= Available data =
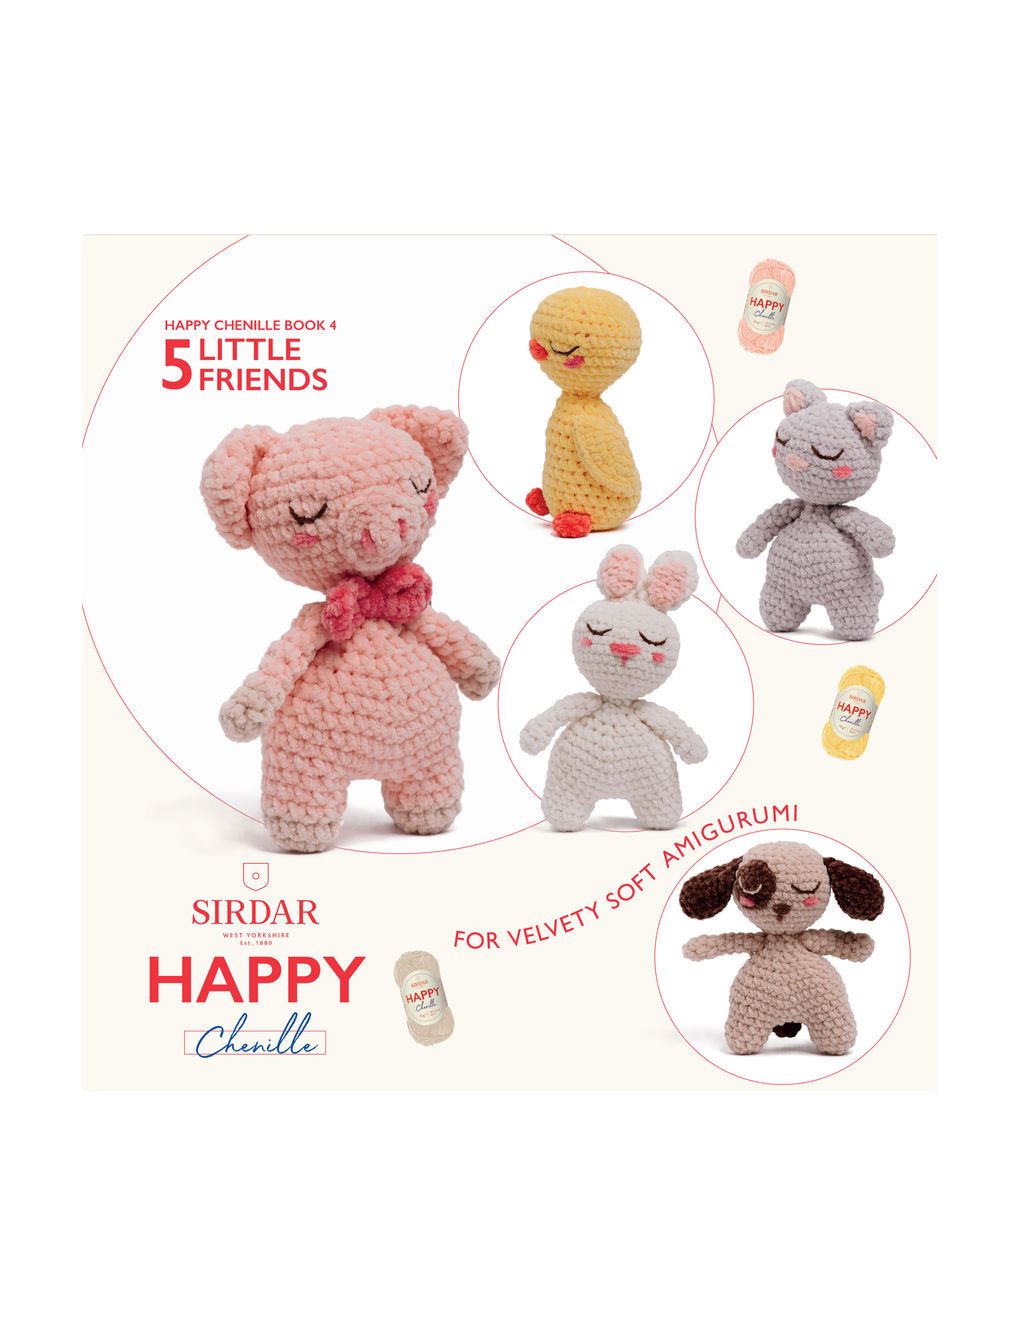 Sirdar Happy Chenille - 5 Little Friends - Amigurumi Pattern Book
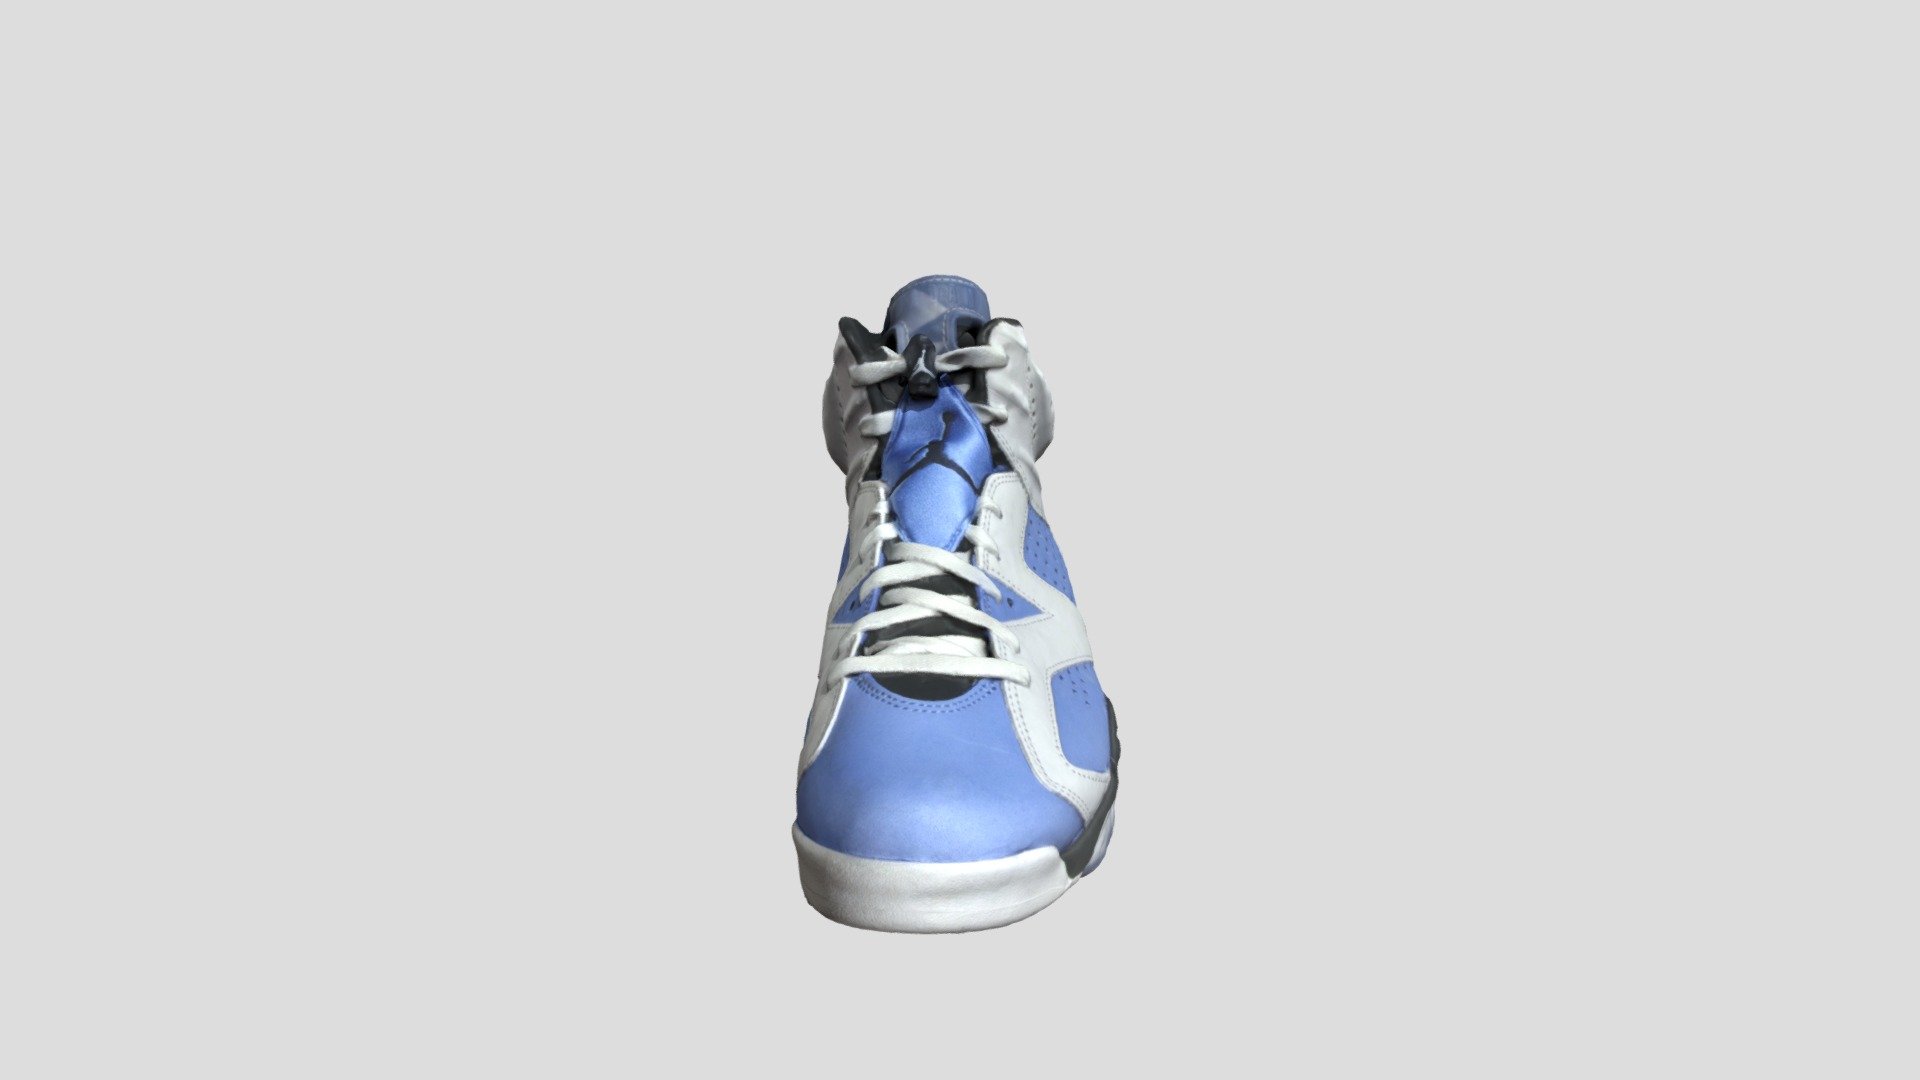 Shoe 3d scan, 
credits : polycam - Air Jordan 6 polycam scan - Download Free 3D model by Shyam Barange (@shyam_barange) 3d model
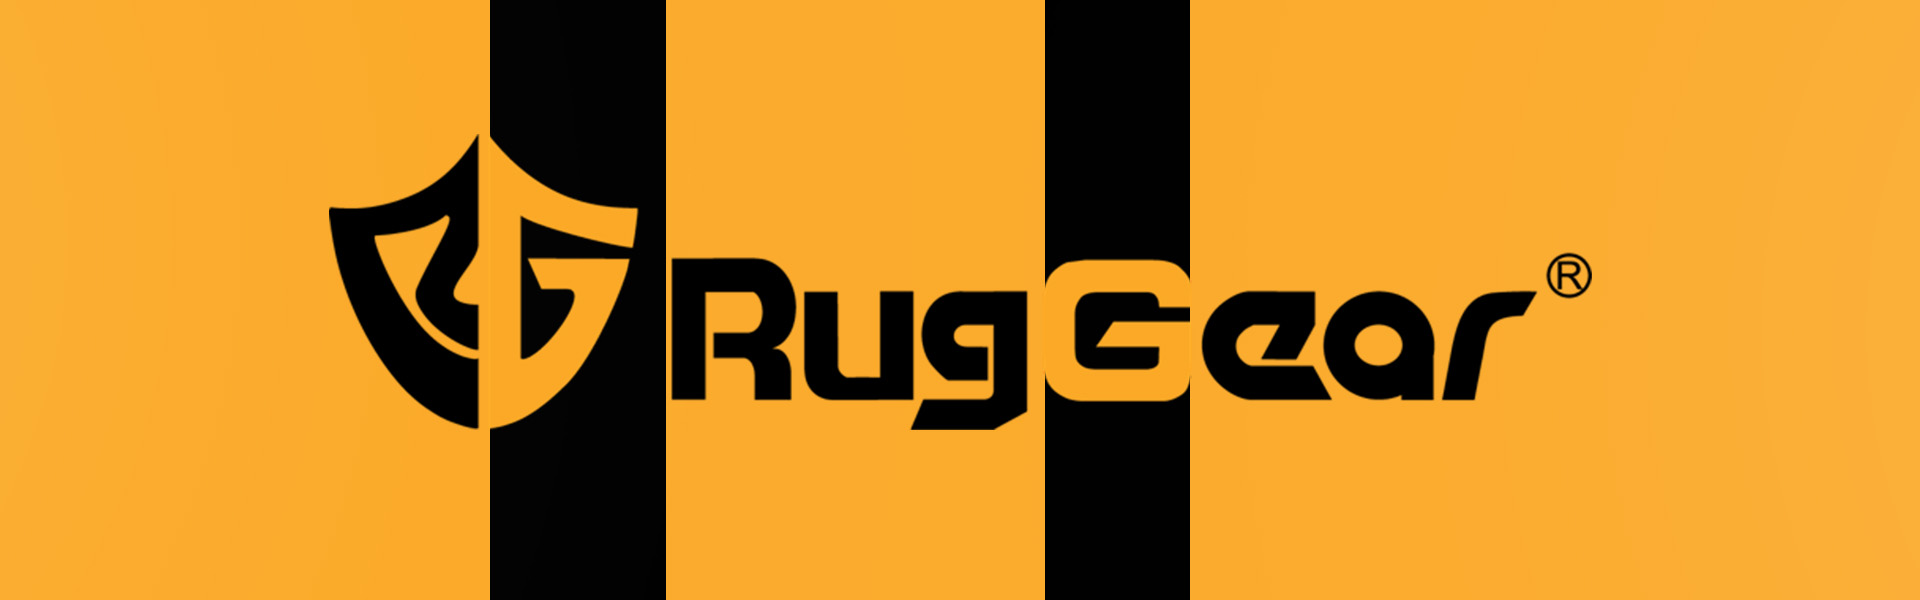 RugGear RG740, Dual SIM, Black/Yellow 
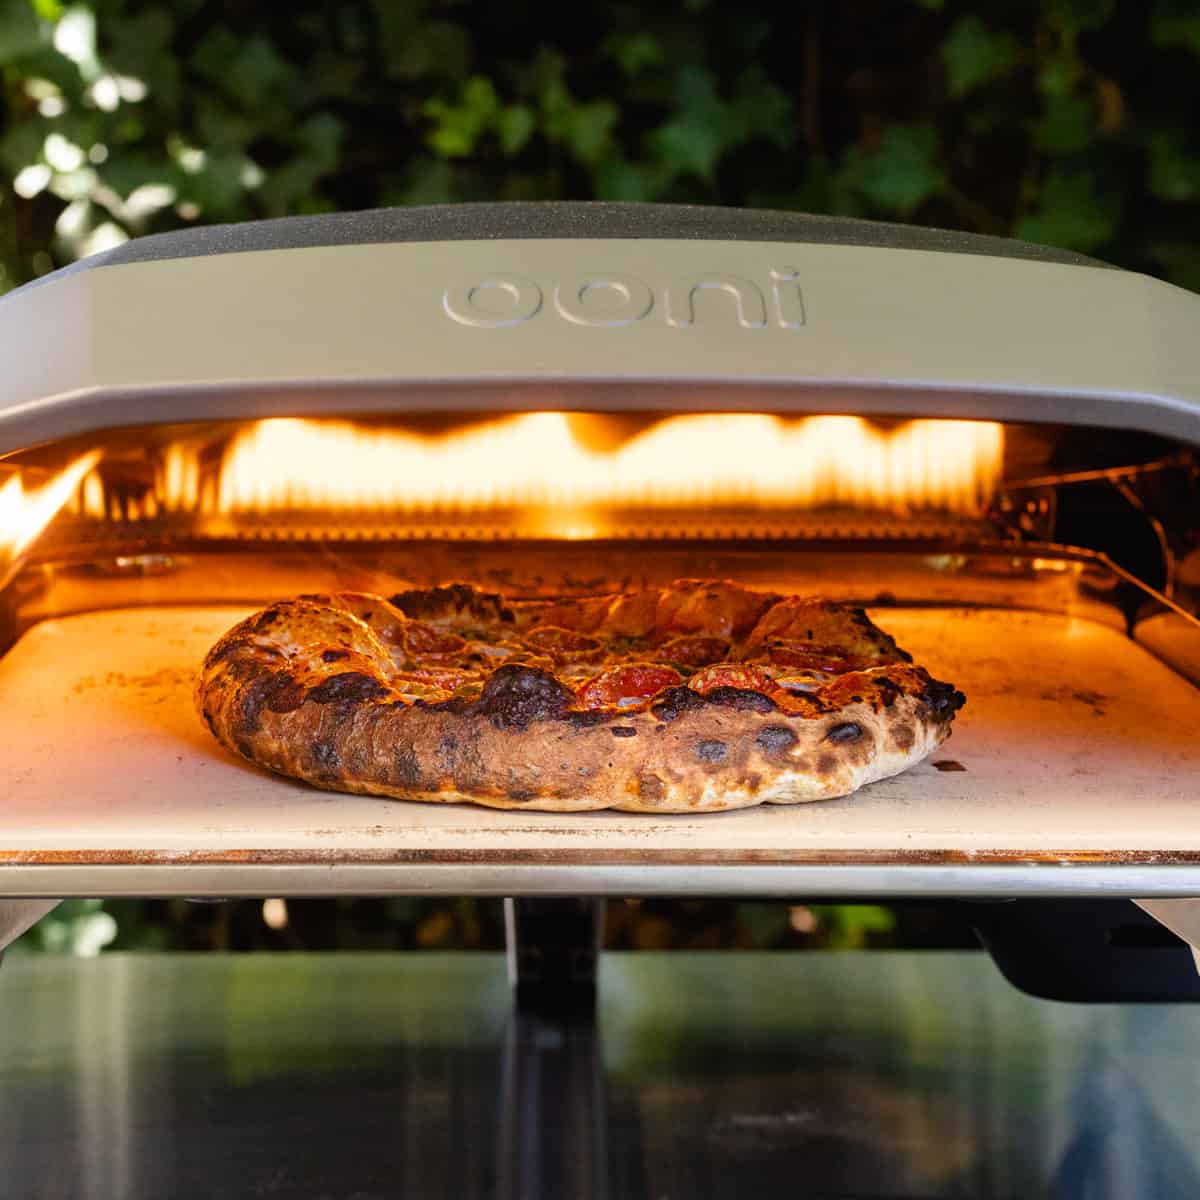 https://midwestfoodieblog.com/wp-content/uploads/2021/09/FINAL-ooni-pizza-oven-1-5.jpg

= Description of the task =
Every entry must be reproduced exactly, with the images left out.

= Solution to the problem =
 Sirdar Happy Chenille - 5 Little Friends - Amigurumi Pattern Book
 Shoe 3d scan, 
credits : polycam - Air Jordan 6 polycam scan - Download Free 3D model by Shyam Barange (@shyam_barange) 3d model
 RugGear RG740, Dual SIM, Black/Yellow 
 https://midwestfoodieblog.com/wp-content/uploads/2021/09/FINAL-ooni-pizza-oven-1-5.jpg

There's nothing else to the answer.